> **Requirement**
Could you please output all of the data exactly, without the images?

> **Recorded data**
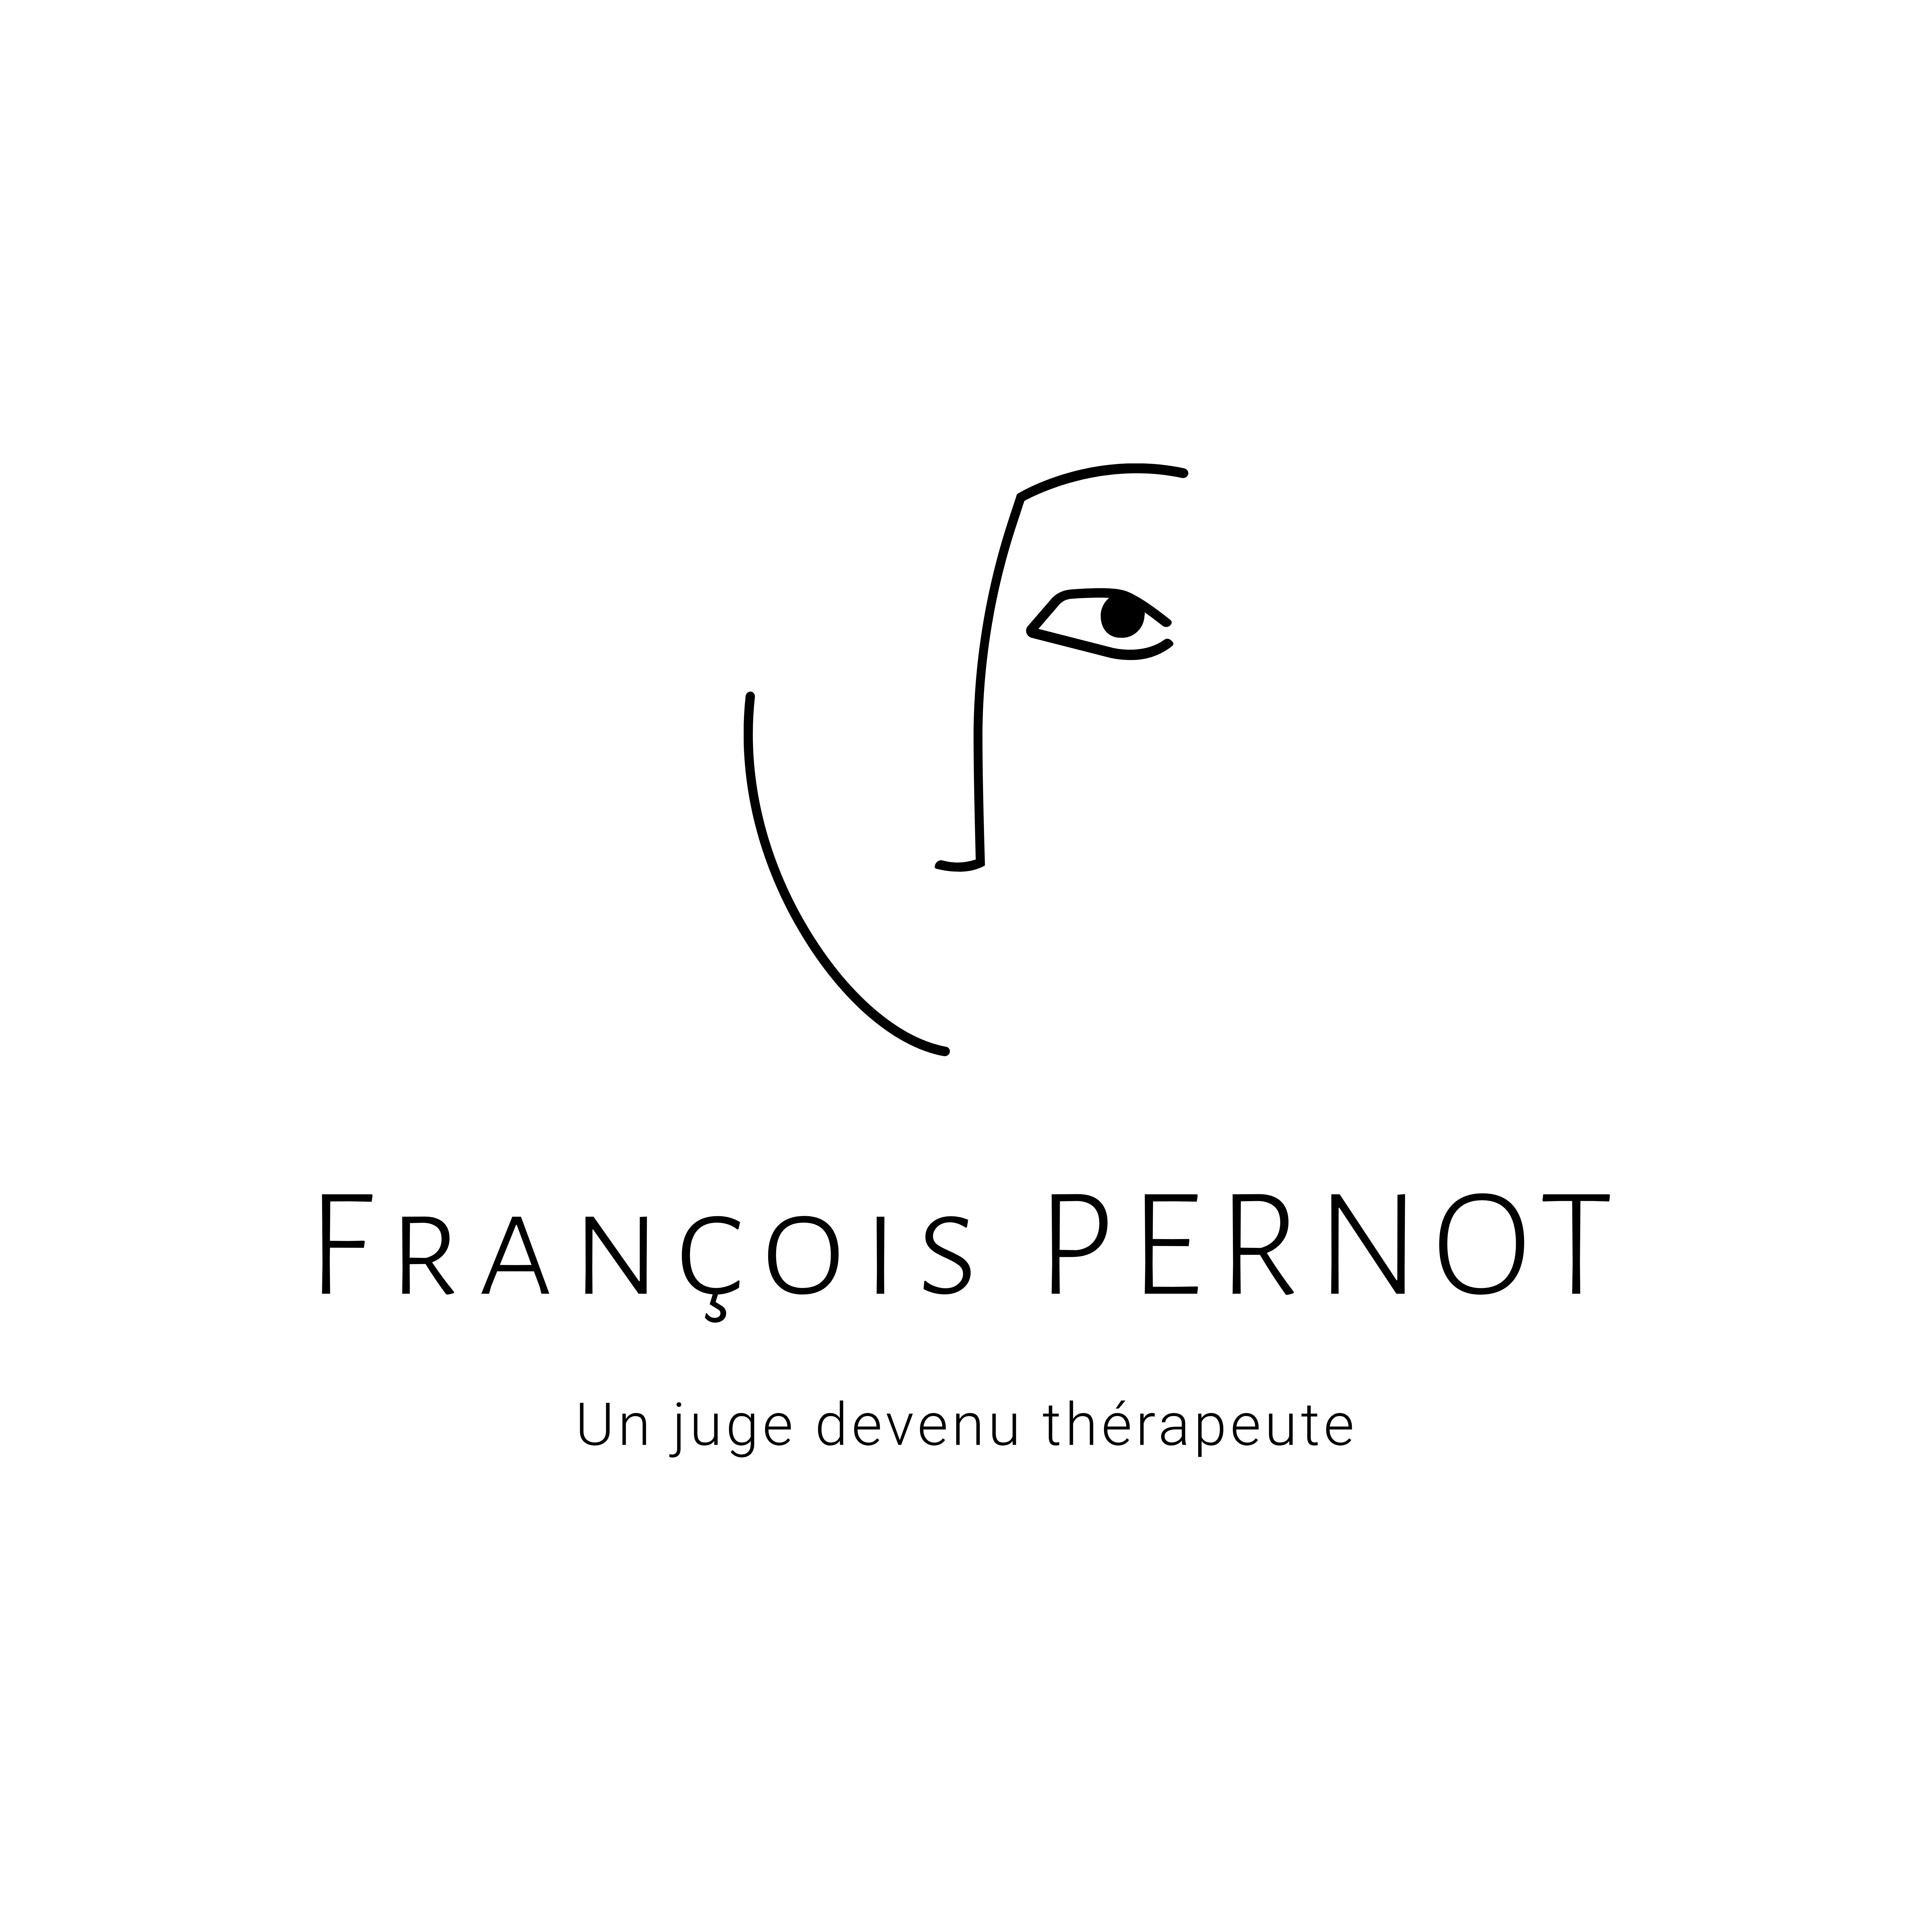 François PERNOT
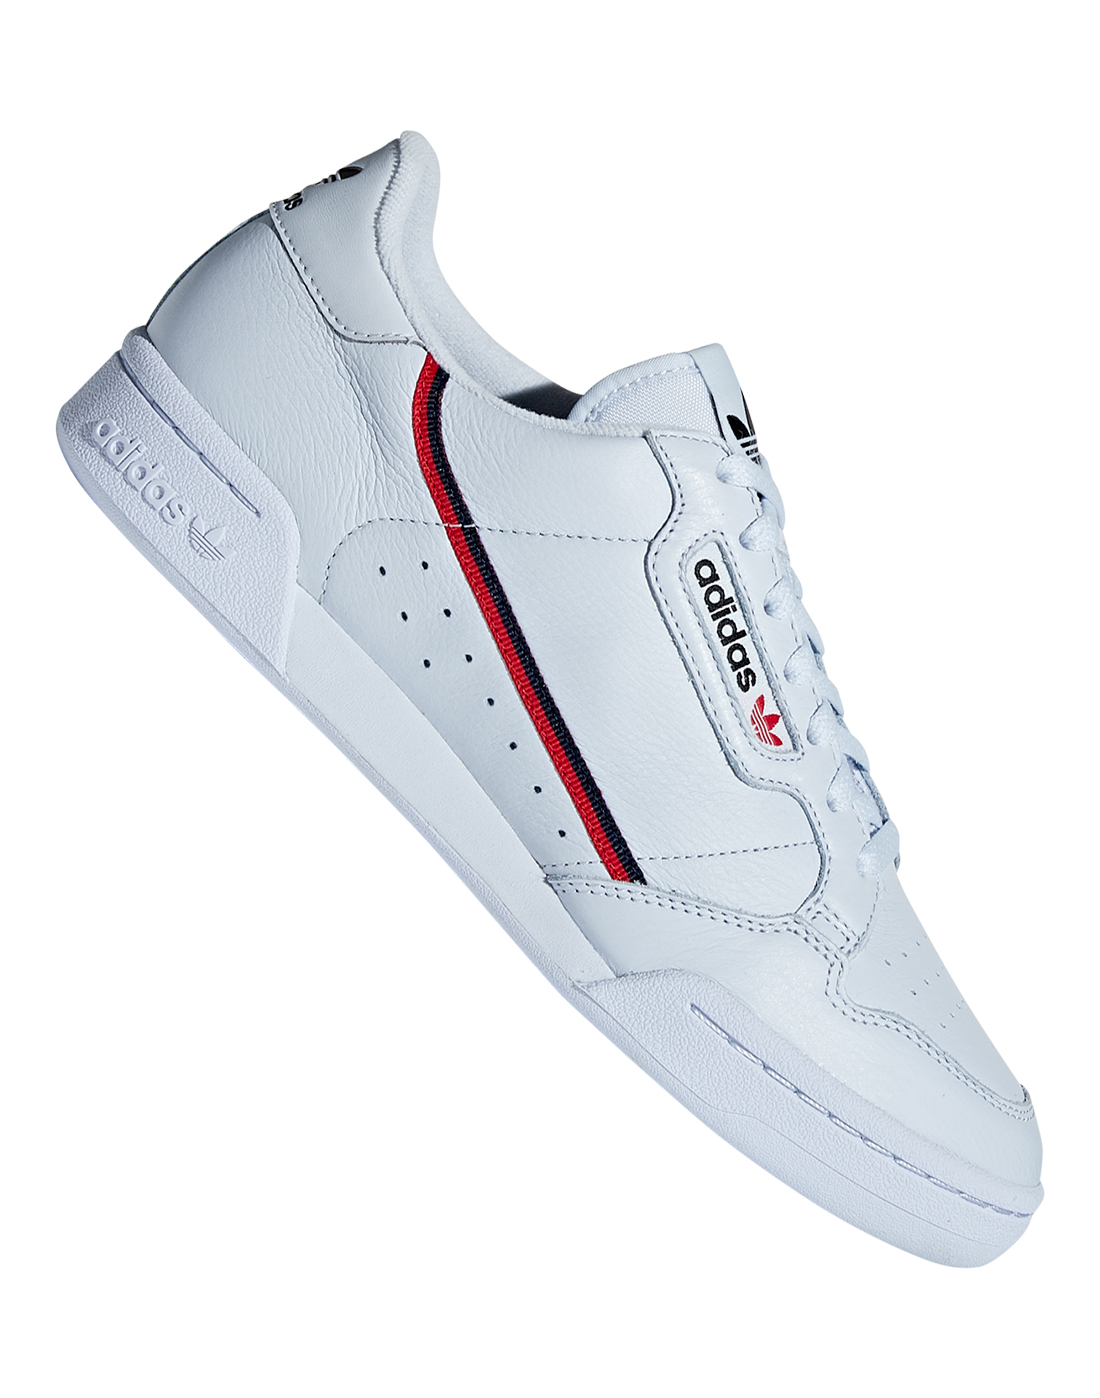 28cb14a71790 Men s Light Blue adidas Originals Continental 80
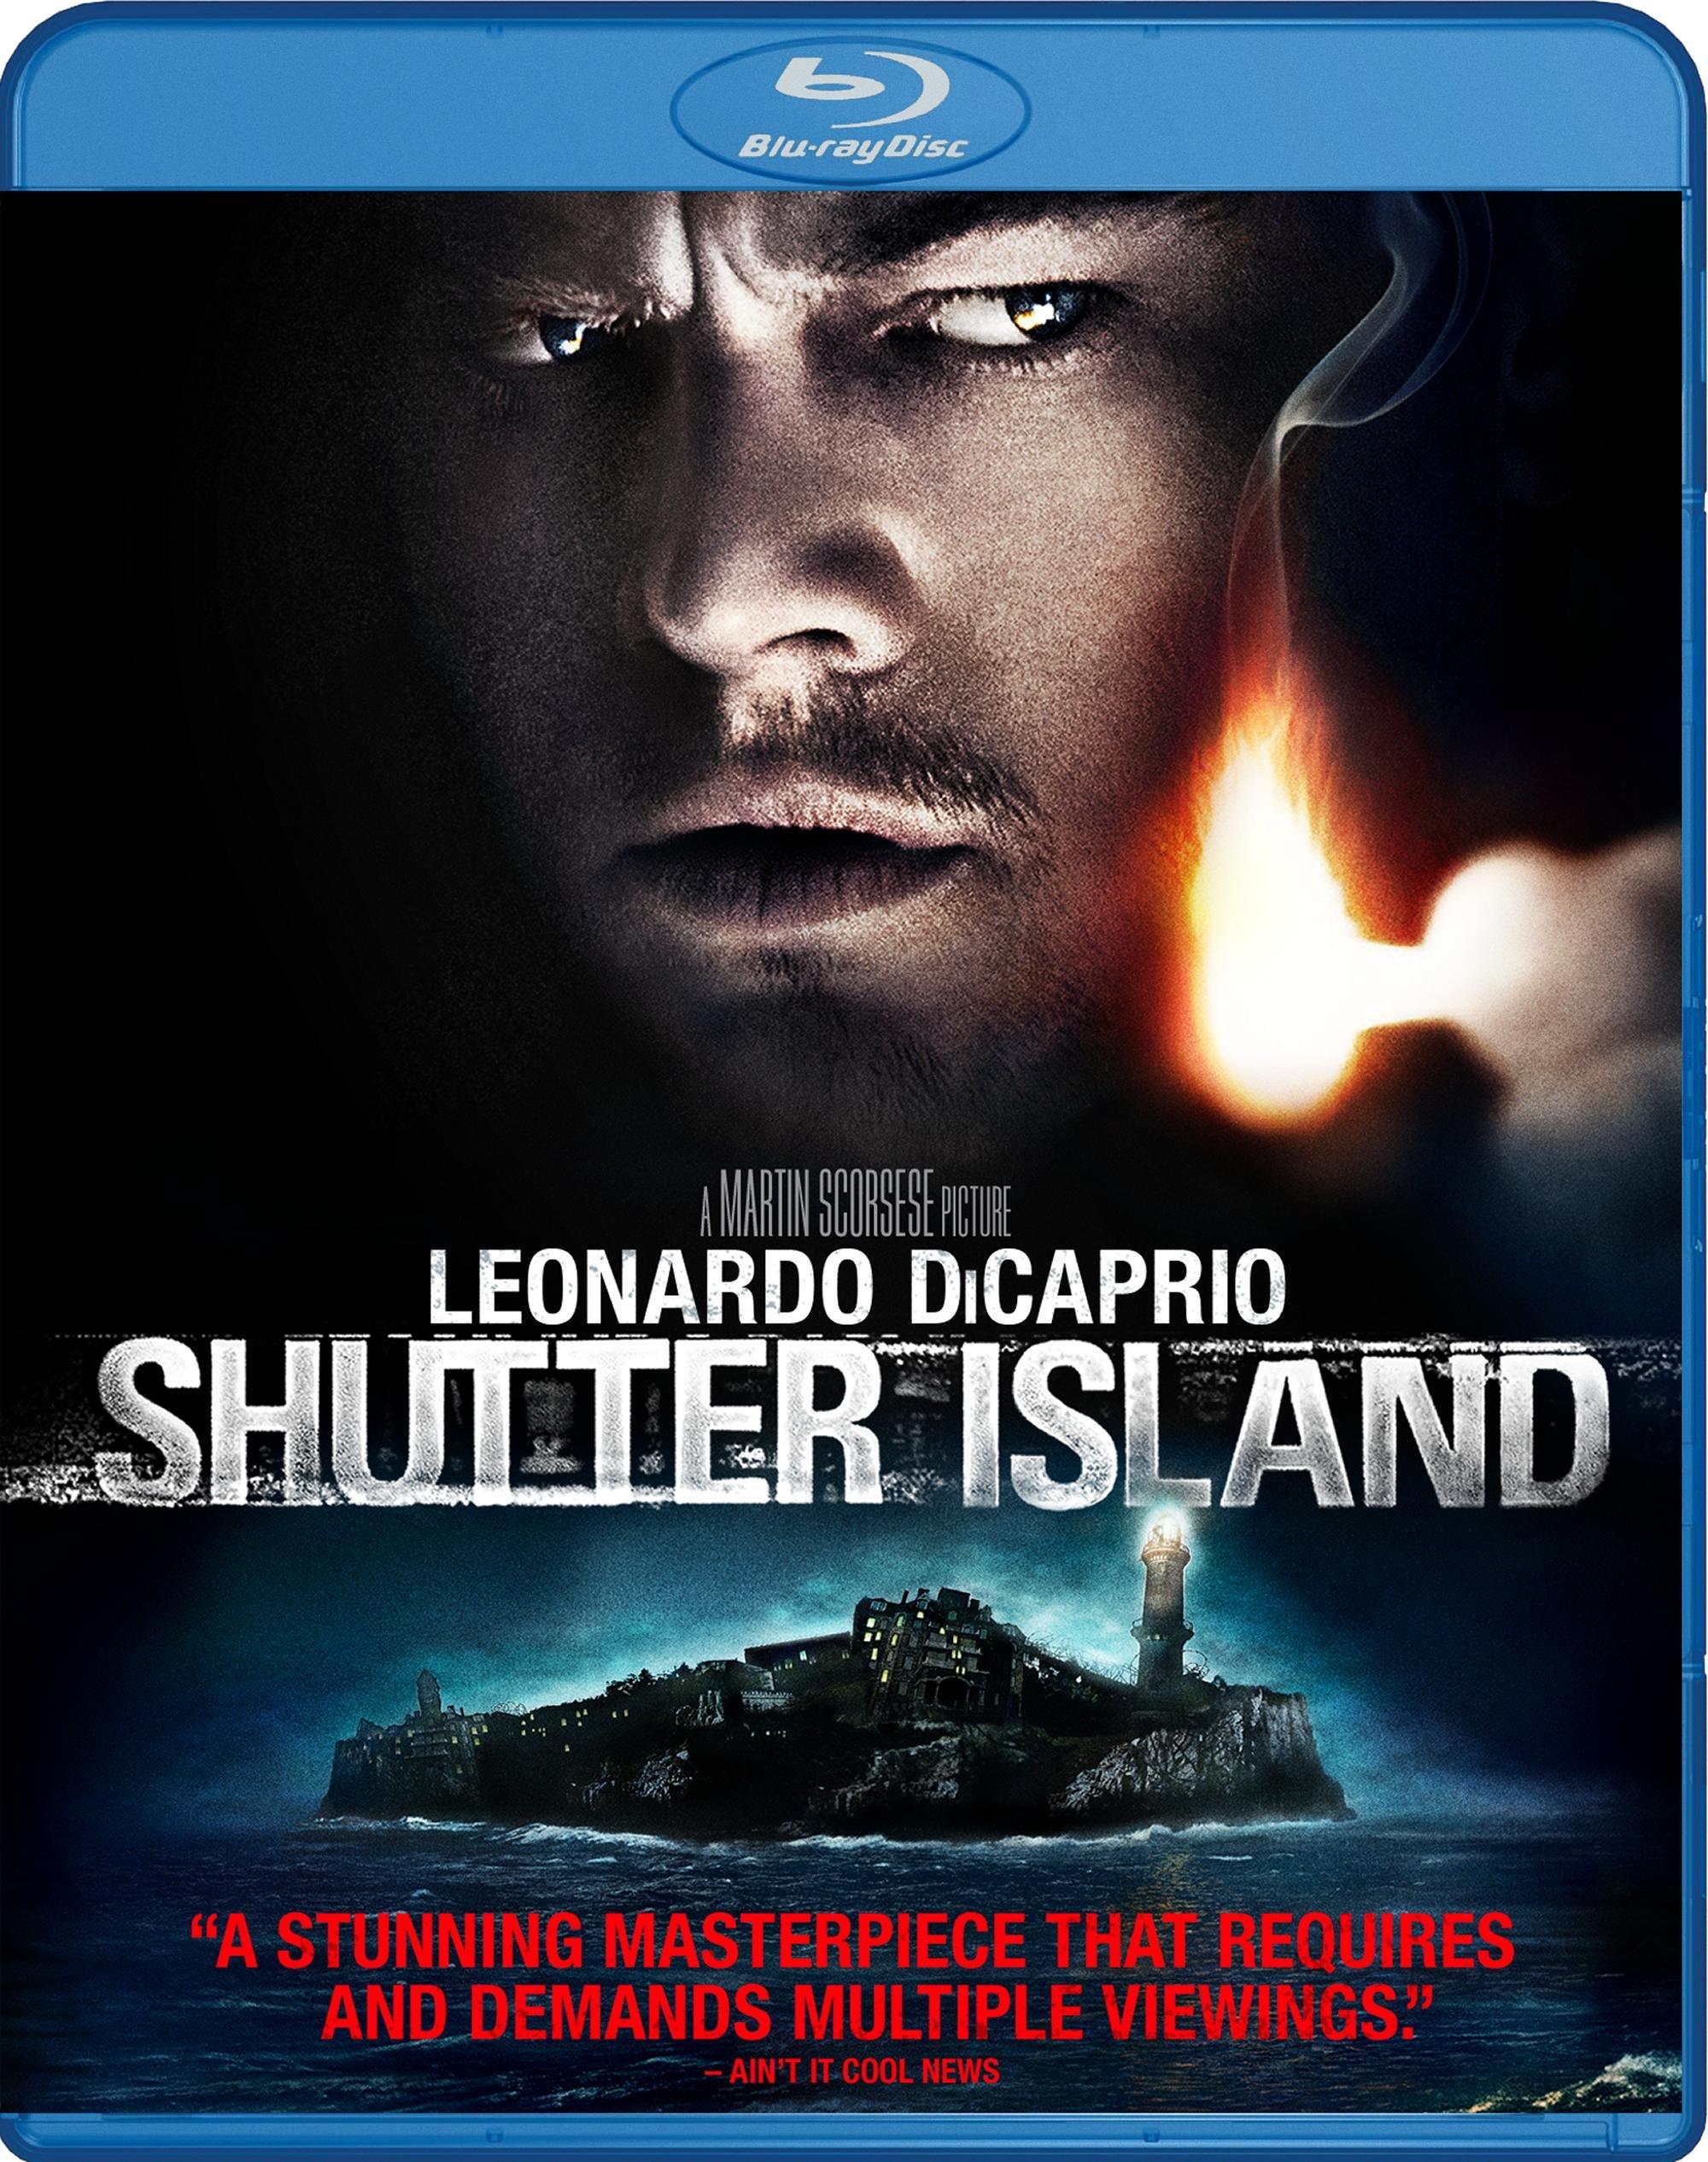 Shutter Island DVD Release Date June 8 2010

> **Response area**
 François PERNOT
 28cb14a71790 Men s Light Blue adidas Originals Continental 80
 Shutter Island DVD Release Date June 8 2010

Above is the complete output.